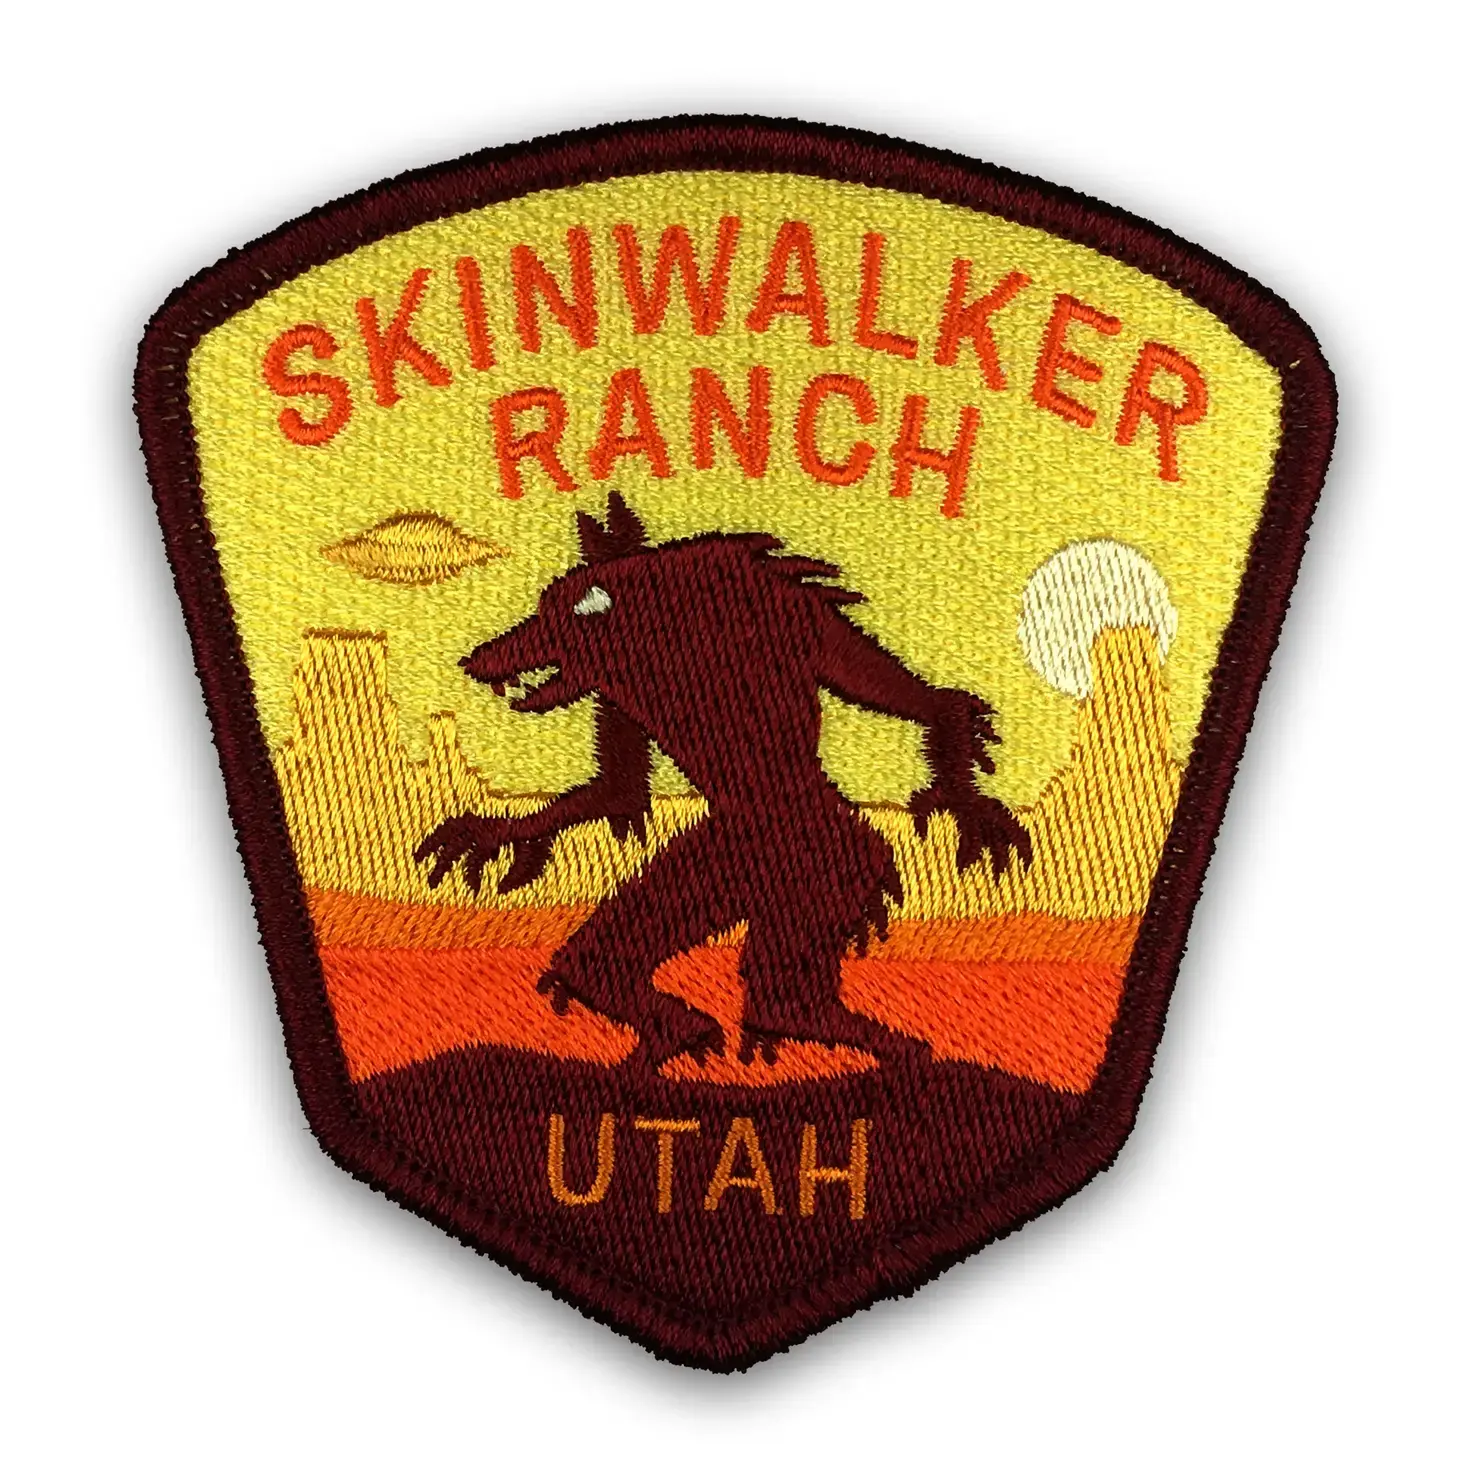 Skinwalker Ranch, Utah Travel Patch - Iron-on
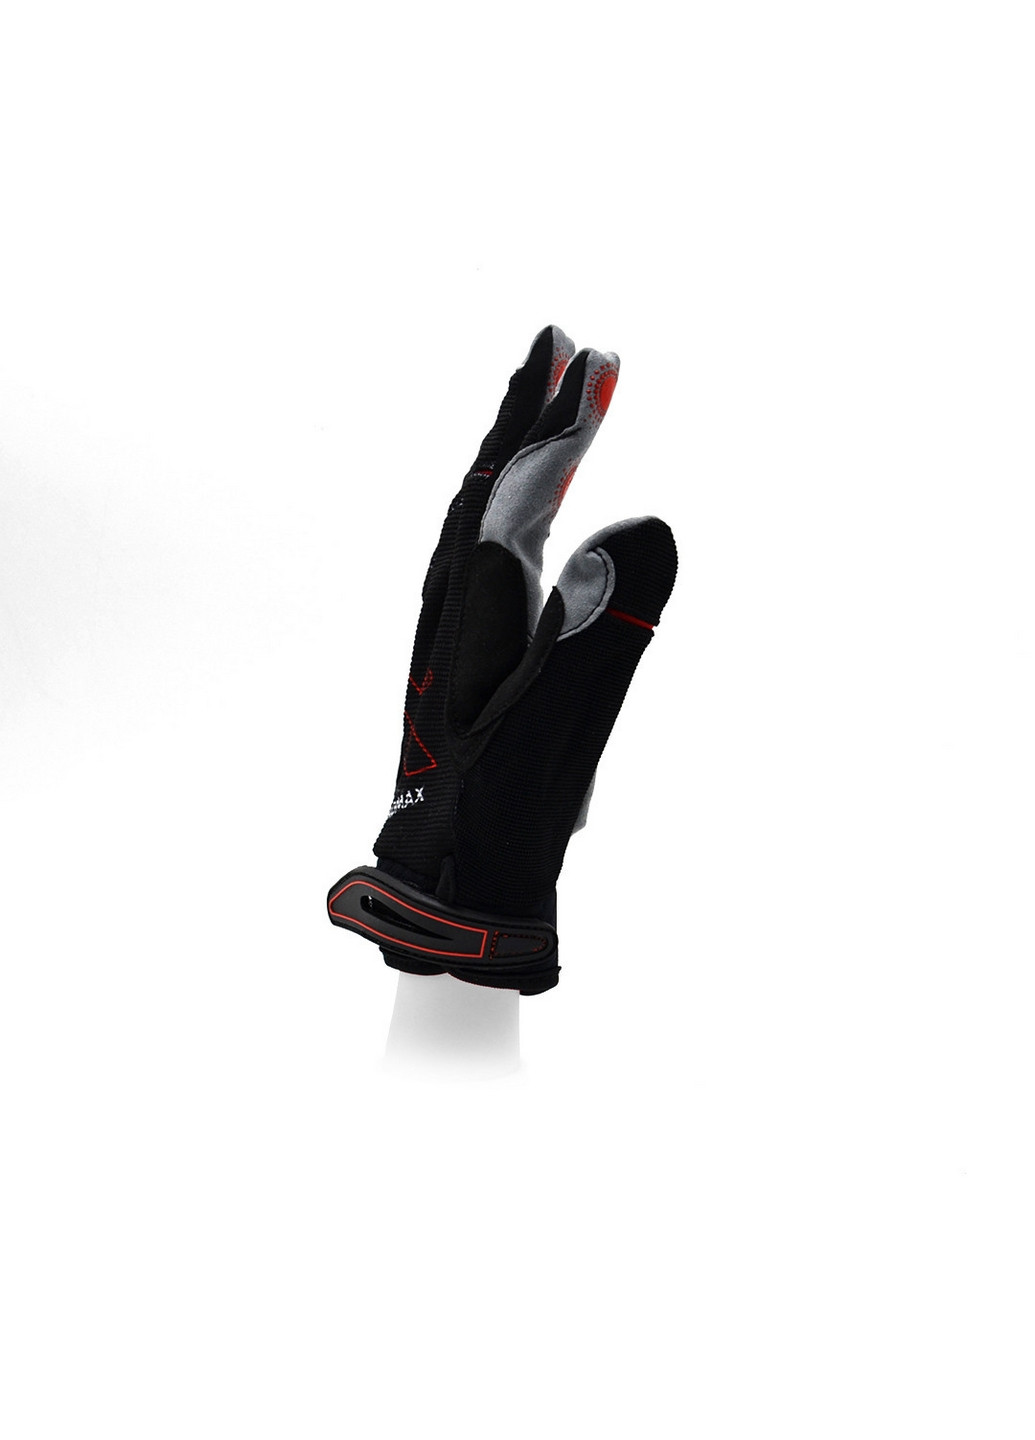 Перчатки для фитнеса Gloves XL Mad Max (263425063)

----------------------------------------

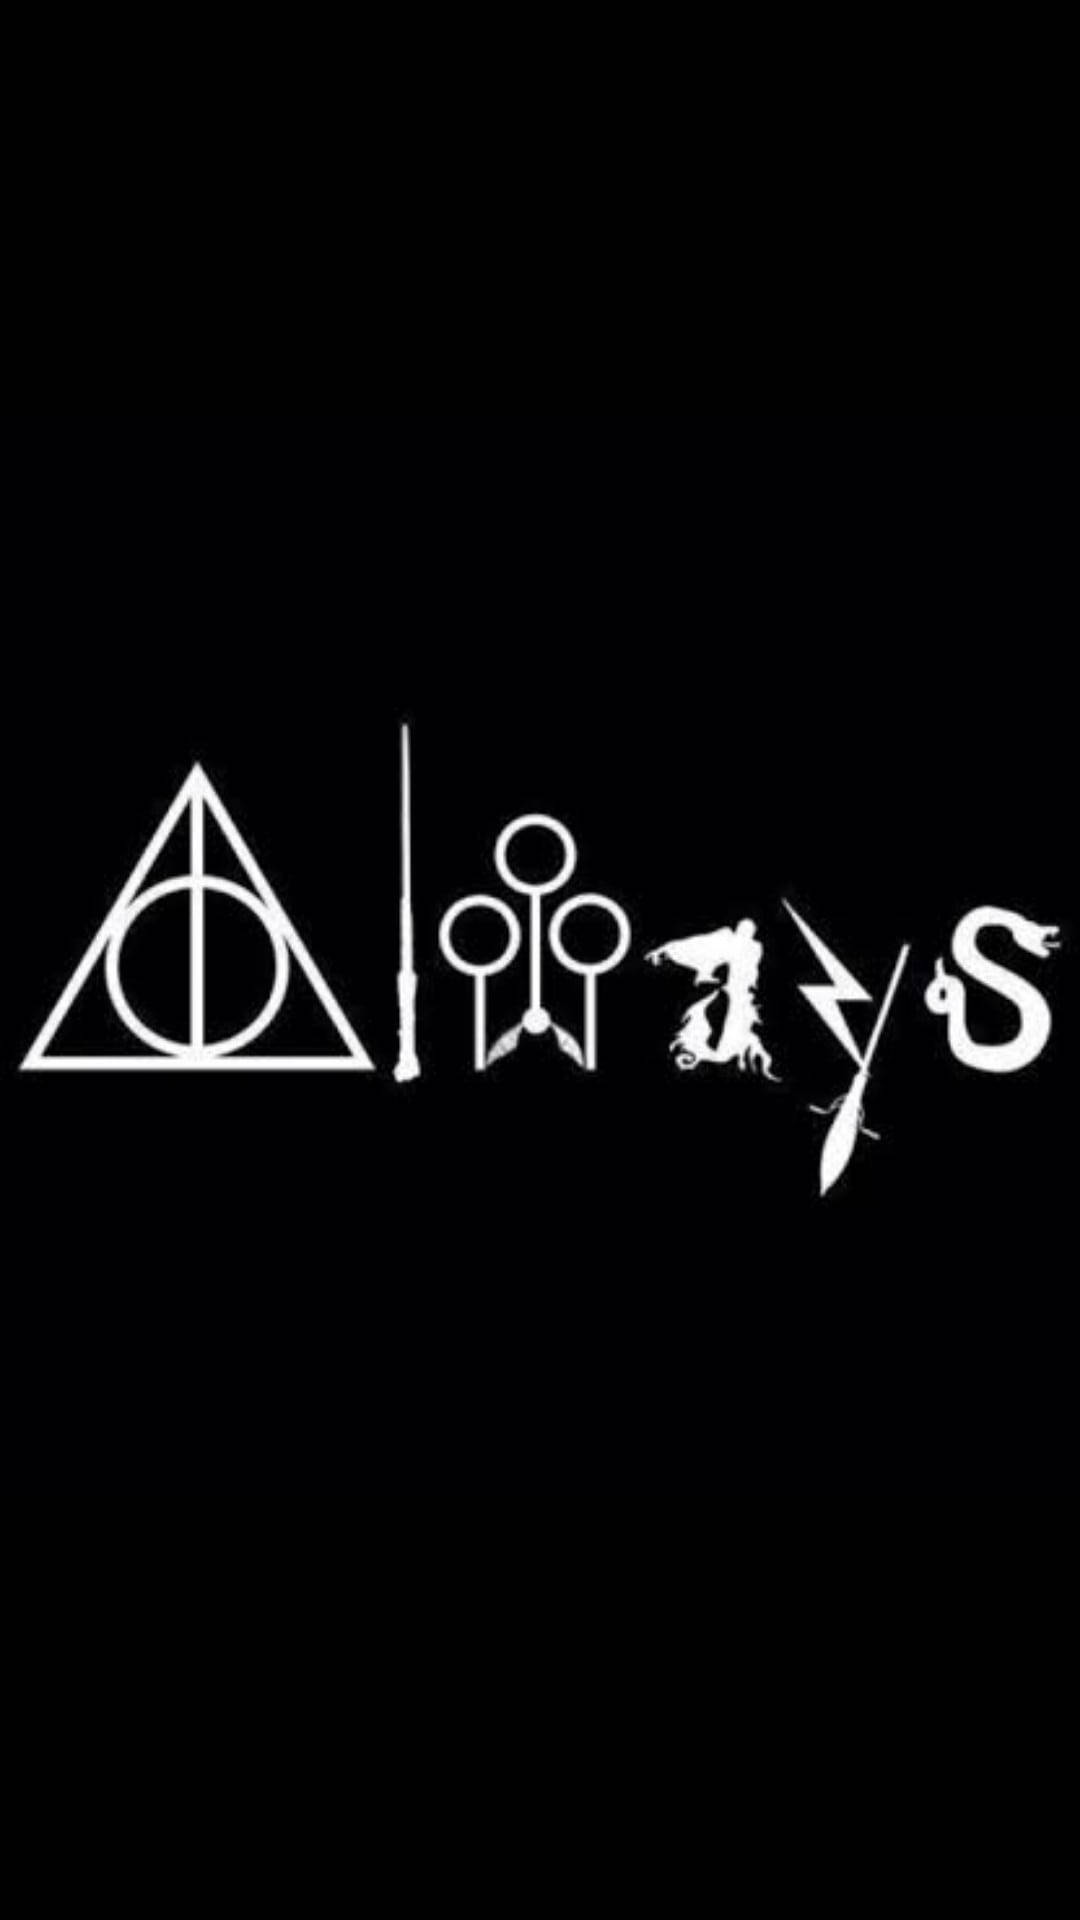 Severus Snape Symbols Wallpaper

----------------------------------------

▶ AIM OF THE EXERCISE
From the data above, return only the lines starting at the line that holds "Skinwalker Ranch, Utah" and ending at the line that holds "Перчатки для фитнеса", word for word and without pictures.

▶ SOLUTION TO THIS EXERCISE
 Skinwalker Ranch, Utah Travel Patch - Iron-on
 Перчатки для фитнеса Gloves XL Mad Max (263425063)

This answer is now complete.